Sarah Kliff Baffled by Massachusetts Obamacare Failure

May 12th, 2014 3:15 PM

It's really baffling. How could a 2000 plus page complex law which makes no economic sense known as Obamacare possibly fail?

Sarah Kliff of General Electric Vox is also baffled but specifically about the utter failure of Obamacare in Massachusetts. Of course, just about everything except the kitchen sink and Obamacare itself is blamed. So let us now watch Kliff play the blame game with the notable exception of you-know-what:

Massachusetts pioneered universal health care in 2006. Under then-Governor Mitt Romney, it was the first state to guarantee access to insurance — and drove its uninsured rate down to just 4 percent.

Which makes it baffling that Massachusetts did arguably the worst of any state in implementing Obamacare. Like a handful of ardent Obamacare supporters in other states, Massachusetts officials tried to pull off an ambitious launch — and failed badly.

"It was a management failure," says Don Berwick, who previously oversaw health law implementation for the Obama administration and is currently a candidate for Massachusetts governor. "Like the federal system, the state should have thrown the best IT support into it."

Not the failure of Obamacare. Just a management failure in implementing it. So where to turn for salvation? Why the Obama administration itself which wasted over $600 million on its own Obamacare launch:

The state is now in talks with the Obama administration about what a transition to healthcare.gov would look like — and is also exploring whether it can work with a different technology vendor to build a new site. "There aren't a lot of options," says Sarah Iselin, a special assistant to Massachusetts Governor Deval Patrick, who was brought on in February to help with the health overhaul. "We unfortunately didn't get it right."

Unfortunately. So what to do now? Ladies and gentlemen. Let's all play the Blame Game!

Come on everybody!
Now let's play a game,
I betcha I can make a rhyme,
Out of everybody's blame!

This was not Massachusetts' plan. The state spent years trying to build what they hoped would be the country's most advanced marketplace. What got in their way, state officials and outside experts say, were poor management, a too-ambitious agenda, and a failed relationship with its main technology vendor, CGI — the same company that managed the failed launch of healthcare.gov.

'Bama, 'Bama,  Obama...Obamacare!
Pick your blame but not this name
I do dare!

Gen-Gen! A-Gendah!
Blame Blame Tech Ven-dah!
Vent! Vent!
Management!
Blame Game!!!

Of course a good Blame Game article needs a really memorable quote:

"We shot for the moon, and we missed," M.I.T. health economist Jon Gruber, who is a member of the Health Connector's board of directors, says.

But did you get a lousy T-shirt out of the deal?

There were three agencies working on the launching the new exchange: MassHealth (the state Medicaid program), the Connector, and Massachusetts Medical School. One audit report from December 2012, which showed the project already behind schedule, cited "inefficient communication" between those three agencies as one reason for the delays.

Ah! Another excuse. Inefficient communications. Just stay away from blaming our sacred Obamacare.

"There wasn't a single point of management," Gruber says. "It was poorly set up and it was this horrible combination where the contractor would get different orders, and would do none of them."

Oh, and the dog ate my homework.

"We had the wrong vendor partner...and that wrong partner failed us, leaving us where we are today," Iselin says.

And now we present another litany of excuses. Hit it, Sarah!

Others put more blame on the state agencies, which made numerous changes to the what they wanted CGI to build.
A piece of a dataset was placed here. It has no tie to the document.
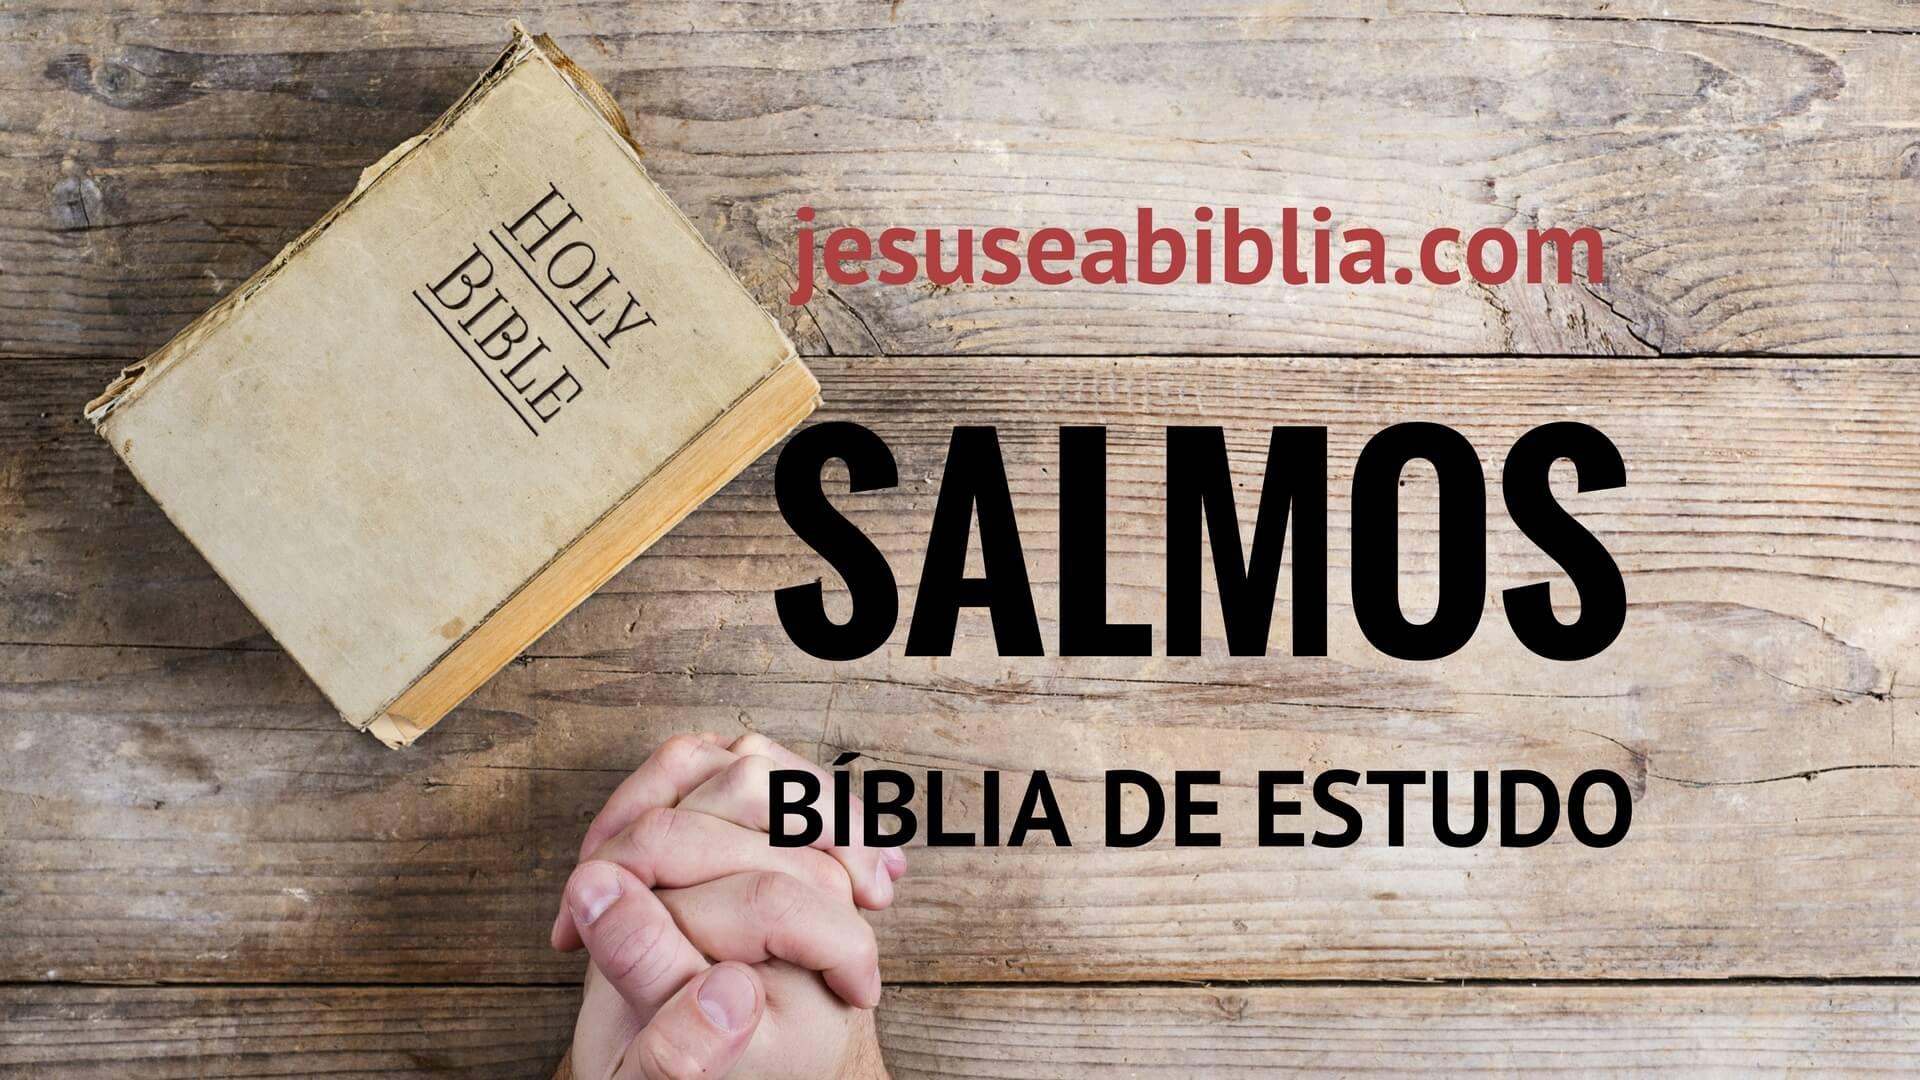 Salmos - Bíblia de Estudo Online

According to one source familiar with the project, the three Massachusetts' agencies requested more than 400 changes to its scope over the course of the contract.
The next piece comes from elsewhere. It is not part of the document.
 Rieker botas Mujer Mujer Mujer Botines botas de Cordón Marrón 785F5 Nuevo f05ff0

..."If you were applying for unsubsidized coverage, it was error-prone but you could get through," says Iselin. "If you were applying for subsidized coverage, all you could do is enter your application. Aside from the intake, we had no exchange website."

..."Screens were disappearing, information wasn't there, people thought they had submitted an application but it actually hadn't gone through," says Amy Whitcomb Slemmer, who runs the consumer group Massachusetts Health Care for All.

And future excuses for Obamacare failure are already being prepared:

The state is now exploring whether it can work with a different technology vendor called hCentive to build a new site or whether it will transition to healthcare.gov. Massachusetts estimates that the new exchange will cost $121 million — and none of the options on the table, Iselin says, are perfect.

My time saving advice for Sarah Kliff is to copy this article and then paste with only the names of the states changed for all future Obamacare failure stories. Oh, and don't forget. We must never blame Obamacare itself. Taboo!